Neuvel immediately shakes up the status quo with the appearance of another giant robot in the centre of London. This sets the second book up to be very different to the first. These new robots are as powerful as Themis and have a seemingly deadly intent. With Themis outnumbered and outgunned, Waking Gods becomes a race against time as the world tries to discover what these invaders want or destroy them before humanity is wiped out.
Waking Gods is told in the same style as the first book – as a series of interviews and transcripts. Once again these are led by the shadowy unnamed figure who masterminded the Themis project and who is getting some advice from an alien living among us.
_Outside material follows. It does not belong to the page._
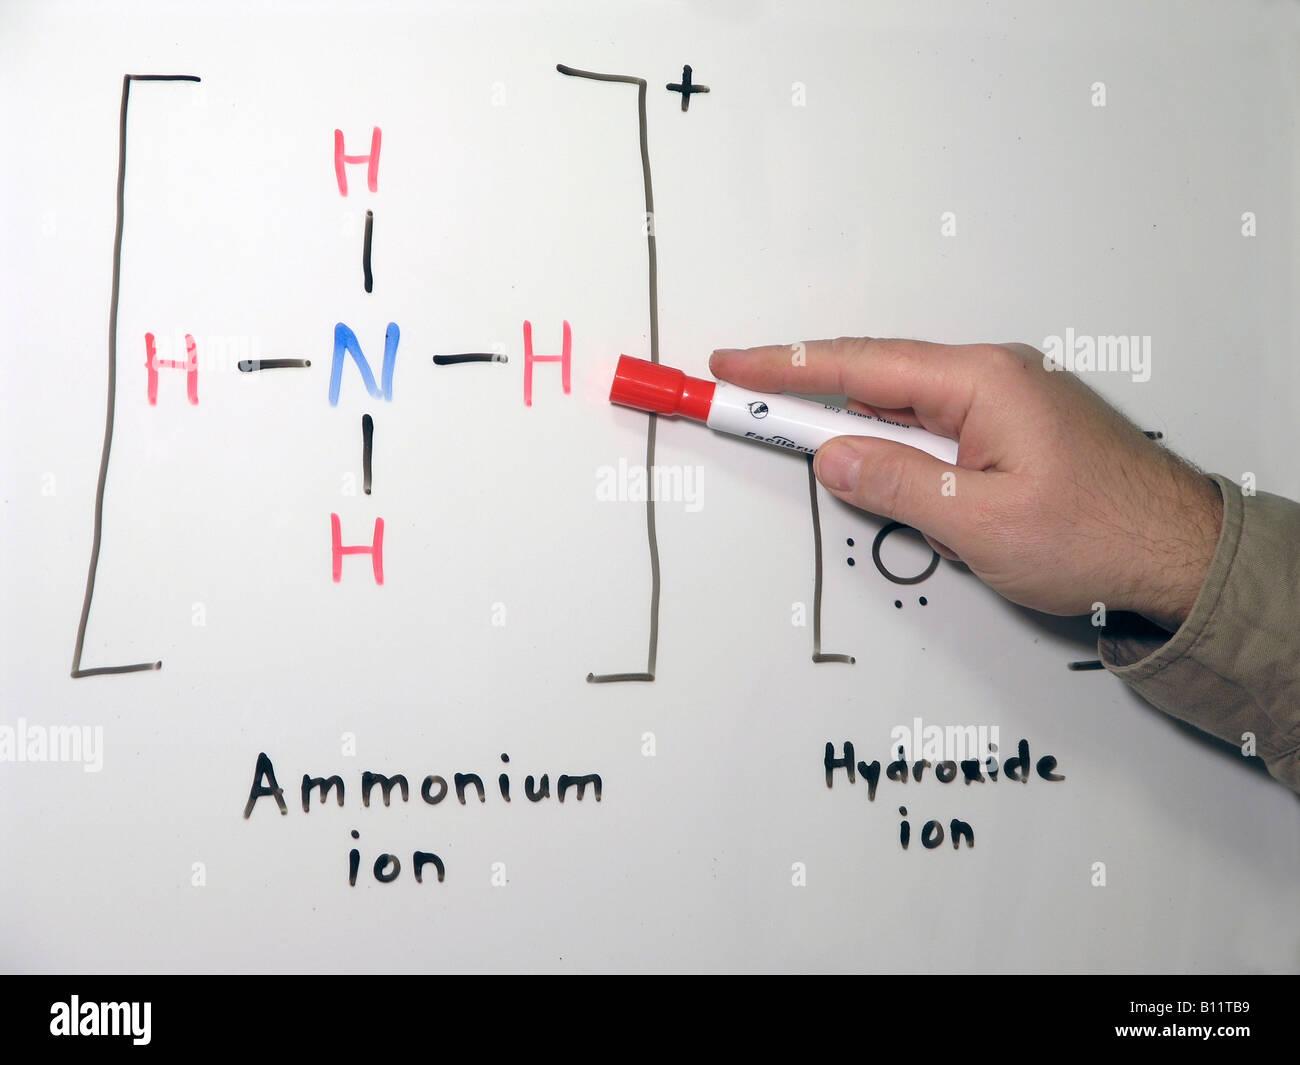 Ammonium Hydroxide Stock Photos Ammonium Hydroxide Stock Images

But there are plenty of sections from other points of view including letters, news reports and diary entries. Neuvel has become more adept at this style and the action sequences work better in this volume than in Sleeping Giants.
Waking Gods is a fantastic easter egg hunt for science fiction fans. Neuvel’s acknowledgements make it clear (although it is obvious from the text) that he is a big Star Wars fan. But Waking Gods also pays homage to the manga roots of giant robot stories with, among other references, a character named after much loved Japanese manga and anime series Evangelion (in which teenagers pilot giant robots against giant monsters).
Waking Gods is not just a great book for manga fans, though, it is thoughtful, tense science fiction. Neuvel does not shy away from tragedy or consequences. Taking a leaf out of the George RR Martin playbook, it turns out that no one is safe. This adds to the tension and emotional heft to the narrative. Waking Gods took the premise of Sleeping Giants in a new direction and the cliffhanger end of the book shows that Neuvel clearly has something different again planned for the next volume.